Varsity athlete. Engineering student, undergrad, masters, PhD. Volunteer. Cameron Crazie. Artist.
My identity at Duke has grown and changed throughout my eight years here, both as an undergraduate and graduate student. I’ve inhabited multiple social spheres--athletics, engineering, community service, student government. I’ve assumed multiple labels. But a constant has always been my passion for art.
Art making for me has always been an escape. A right-brained reprieve from my quant-heavy studies. A way to relax my mind after a long week. At times even a nice ego boost or method --when I can sit down and make a drawing simply for the “look what I just made” reminder for self-assurance.
However, it has always been a passion I’ve held at arm’s length, rather than truly embraced. I generally view art as a side passion rather than a vocation or career. I do allow creativity to influence other aspects of my work, like coming up with unorthodox research ideas or experimenting with 3D printing technology. But pure art has always inhabited a rather constrained portion of my attention and time. Just a recreational drug or a guilty pleasure for when I’m tired at staring at equations or code.
Throughout this semester I’ve told my engineering colleagues the only class I’m taking is an art class.

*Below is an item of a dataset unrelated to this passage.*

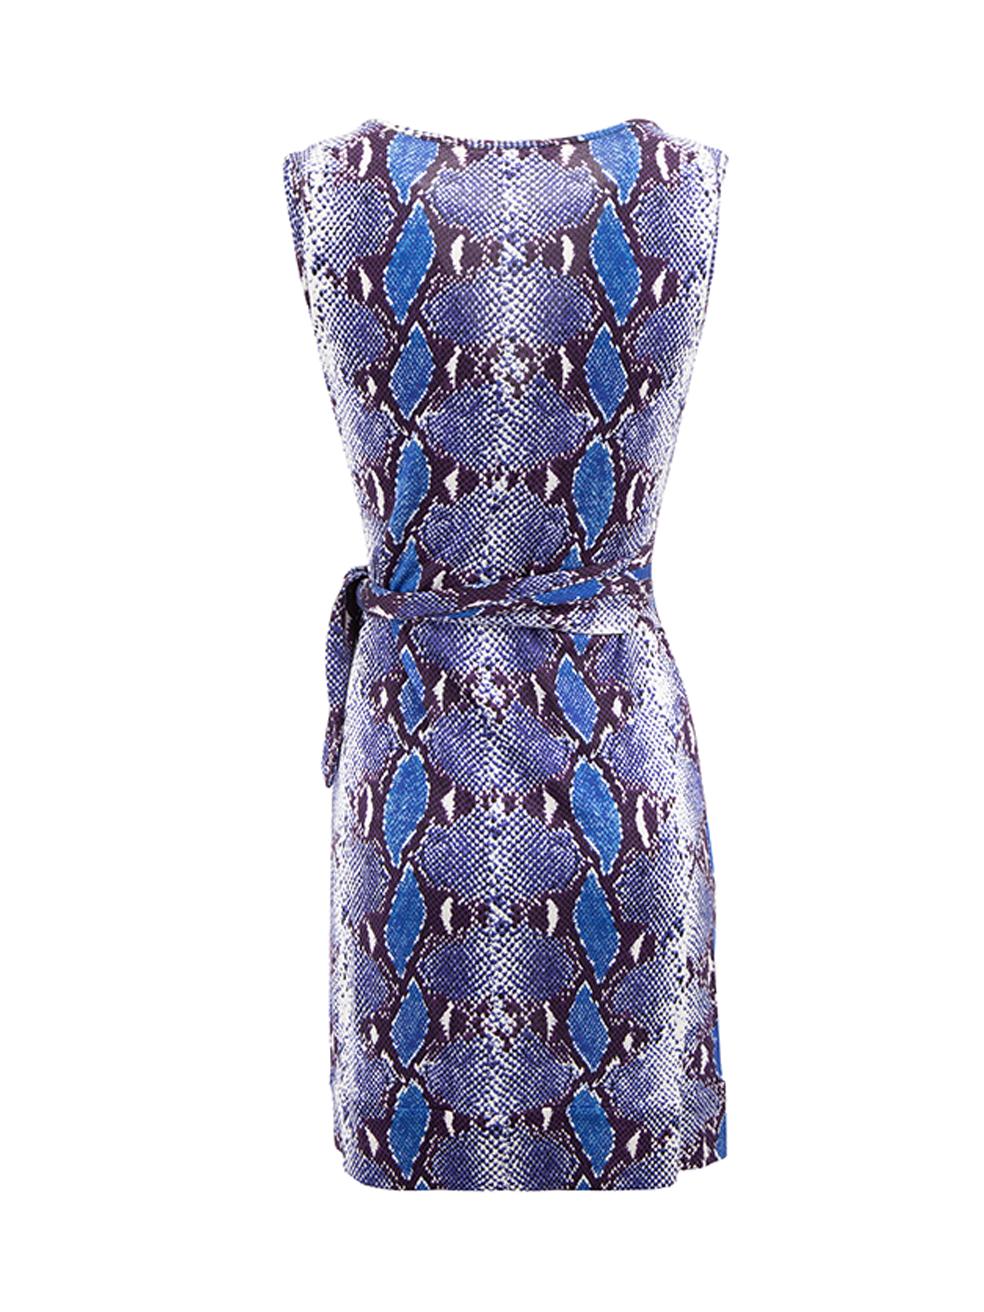 Diane Von Furstenberg Women's Blue Snakeskin Pattern Mini Dress In Good Condition For Sale In London, GB
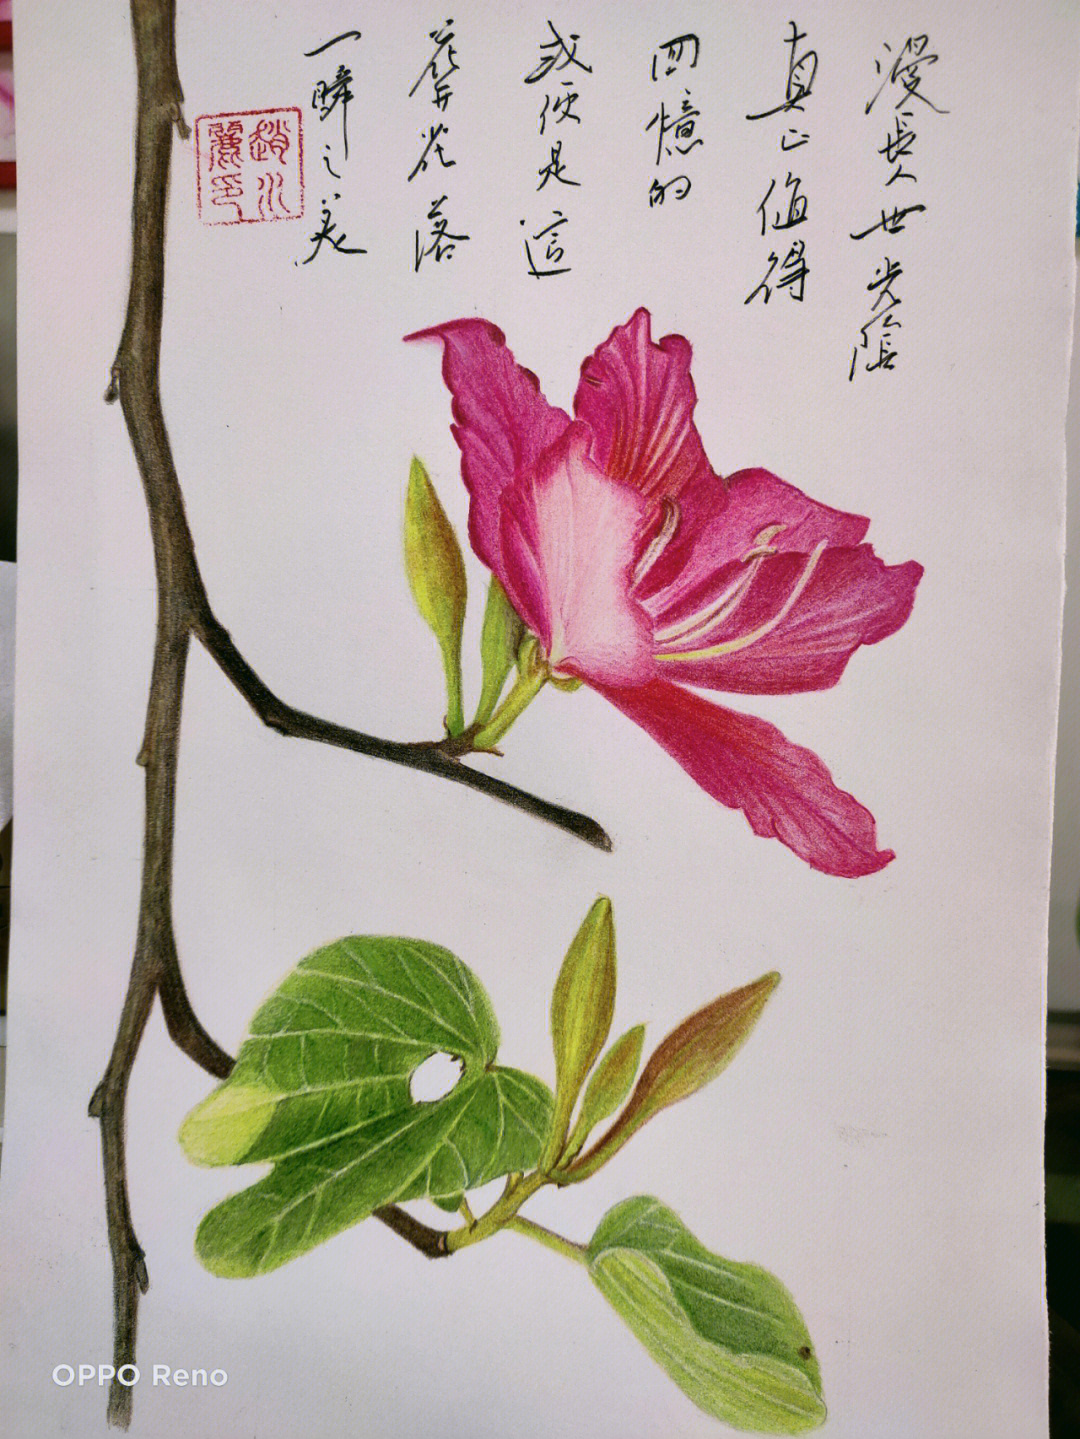 紫荆花彩铅图片

This usually elicits laughs and jests. As if any artistic endeavor was a trivial, childish, cute waste of time for an engineering PhD student. Or that it’s a side gimmick for a student-athlete. And the idea that creative pursuits are unnecessary for STEM students is definitely prevalent. It has definitely influenced, or dampened, my participation in the arts community at Duke.
I’ve so enjoyed taking this drawing class because even though the students come from a such wide variety of backgrounds--whether they’re premed, CS, or pure art--everyone is taking time out of their busy schedules to draw, make art, and be creative. It makes me feel that my own time spent creating art is more reasonable and more valuable. And this structured time to make art has only made me more creative in my research work. When we take a little time to draw, who knows what other ideas we can stir up!